Reputation: 1056
I thought I understood how left outer joins work, but I have a situation that is not working, and I'm not 100% sure if the way I have my query structured is incorrect, or if it's a data issue.
For background, I have the following MySQL table structures:
mysql> describe achievement;
+-------------+----------------------+------+-----+---------+-------+
| Field | Type | Null | Key | Default | Extra |
+-------------+----------------------+------+-----+---------+-------+
| id | varchar(64) | NO | PRI | NULL | |
| game_id | varchar(10) | NO | PRI | NULL | |
| name | varchar(64) | NO | | NULL | |
| description | varchar(255) | NO | | NULL | |
| image_url | varchar(255) | NO | | NULL | |
| gamerscore | smallint(5) unsigned | NO | | 0 | |
| hidden | tinyint(1) | NO | | 0 | |
| base_hidden | tinyint(1) | NO | | 0 | |
+-------------+----------------------+------+-----+---------+-------+
8 rows in set (0.00 sec)
and
mysql> describe gamer_achievement;
+----------------+---------------------+------+-----+---------+-------+
| Field | Type | Null | Key | Default | Extra |
+----------------+---------------------+------+-----+---------+-------+
| game_id | varchar(10) | NO | PRI | NULL | |
| achievement_id | varchar(64) | NO | PRI | NULL | |
| gamer_id | varchar(36) | NO | PRI | NULL | |
| earned_epoch | bigint(20) unsigned | NO | | 0 | |
| offline | tinyint(1) | NO | | 0 | |
+----------------+---------------------+------+-----+---------+-------+
5 rows in set (0.00 sec)
As for the data, this is what I have populated here (only pertinent columns included for brevity):
+----+------------+------------------------------+
| id | game_id | name |
+----+------------+------------------------------+
| 1 | 1480656849 | Cluster Buster |
| 2 | 1480656849 | Star Gazer |
| 3 | 1480656849 | Flower Child |
| 4 | 1480656849 | Oyster-meister |
| 5 | 1480656849 | Big Cheese of the South Seas |
| 6 | 1480656849 | Hexic Addict |
| 7 | 1480656849 | Collapse Master |
| 8 | 1480656849 | Survivalist |
| 9 | 1480656849 | Tick-Tock Doc |
| 10 | 1480656849 | Marathon Mogul |
| 11 | 1480656849 | Millionaire Extraordinaire |
| 12 | 1480656849 | Grand Pearl Pooh-Bah |
+----+------------+------------------------------+
12 rows in set (0.00 sec)
and
+----------------+------------+--------------+---------+
| achievement_id | game_id | earned_epoch | offline |
+----------------+------------+--------------+---------+
| 1 | 1480656849 | 0 | 1 |
| 2 | 1480656849 | 0 | 1 |
| 3 | 1480656849 | 0 | 1 |
| 4 | 1480656849 | 1149789371 | 0 |
| 7 | 1480656849 | 1149800406 | 0 |
| 8 | 1480656849 | 0 | 1 |
| 9 | 1480656849 | 1149794790 | 0 |
| 10 | 1480656849 | 1149792417 | 0 |
+----------------+------------+--------------+---------+
8 rows in set (0.02 sec)
In this particular case, the achievement
table is the "master" table and will contain the information that I always want to see.
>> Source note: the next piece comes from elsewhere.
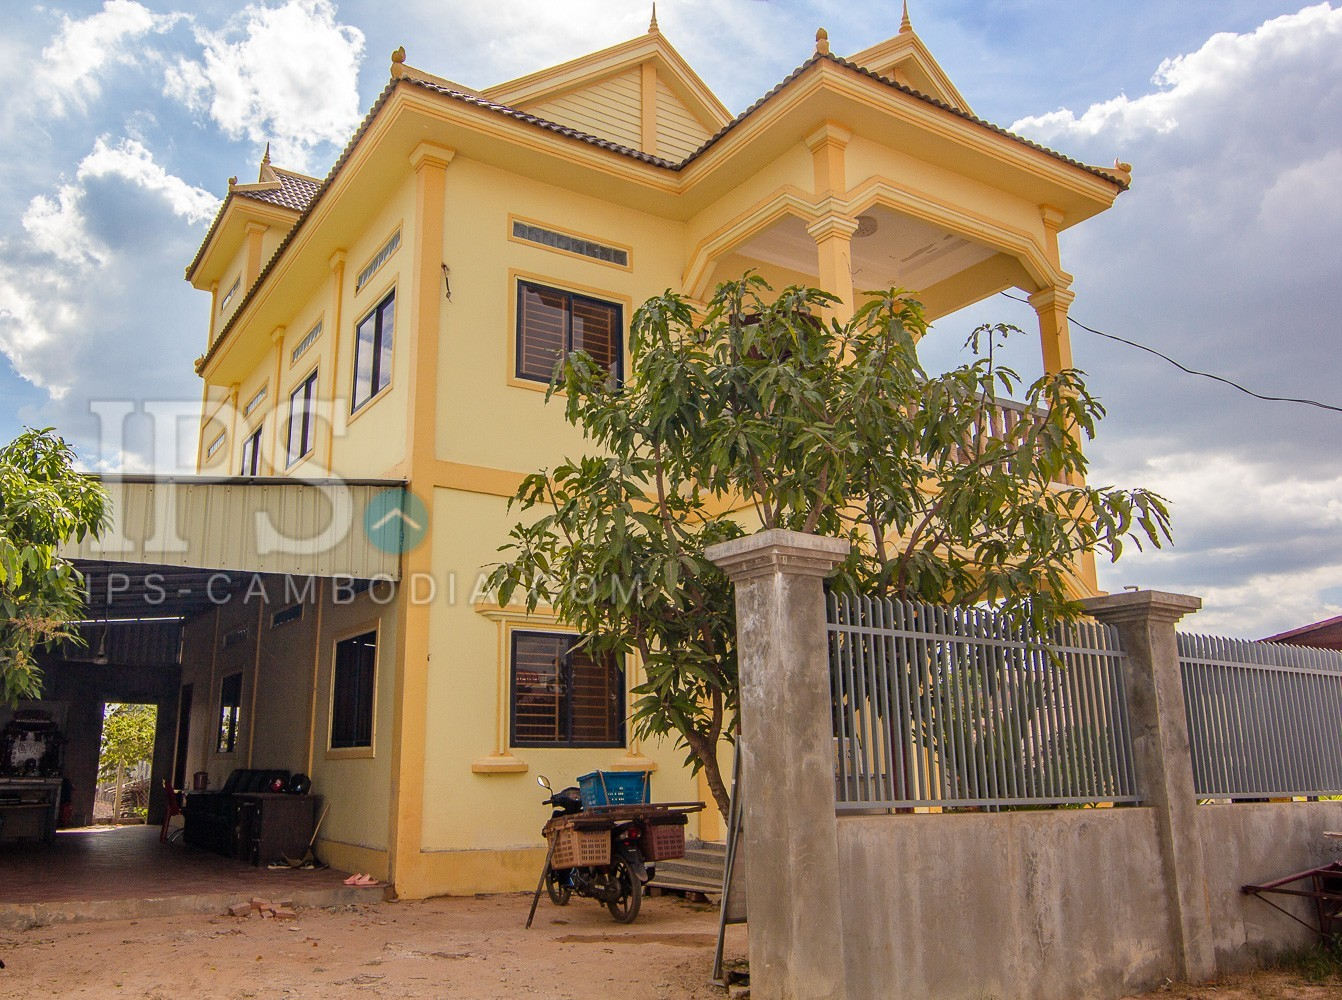 5 Bedroom House For Sale - Sangkat Siem Reap, Siem Reap

The gamer_achievement
table only contains information for achievements that are actually earned. For any particular game for any particular gamer, there can be any number of rows in the gamer_achievement
table - including none if no achievements have been earned for that game. For example, in the sample data above, achievements with ids 5, 6, 11, and 12 have not been earned.
What I currently have written is
select a.id,
a.name,
ga.earned_epoch,
ga.offline
from achievement a
LEFT OUTER JOIN gamer_achievement ga
ON (a.id = ga.achievement_id and a.game_id = ga.game_id)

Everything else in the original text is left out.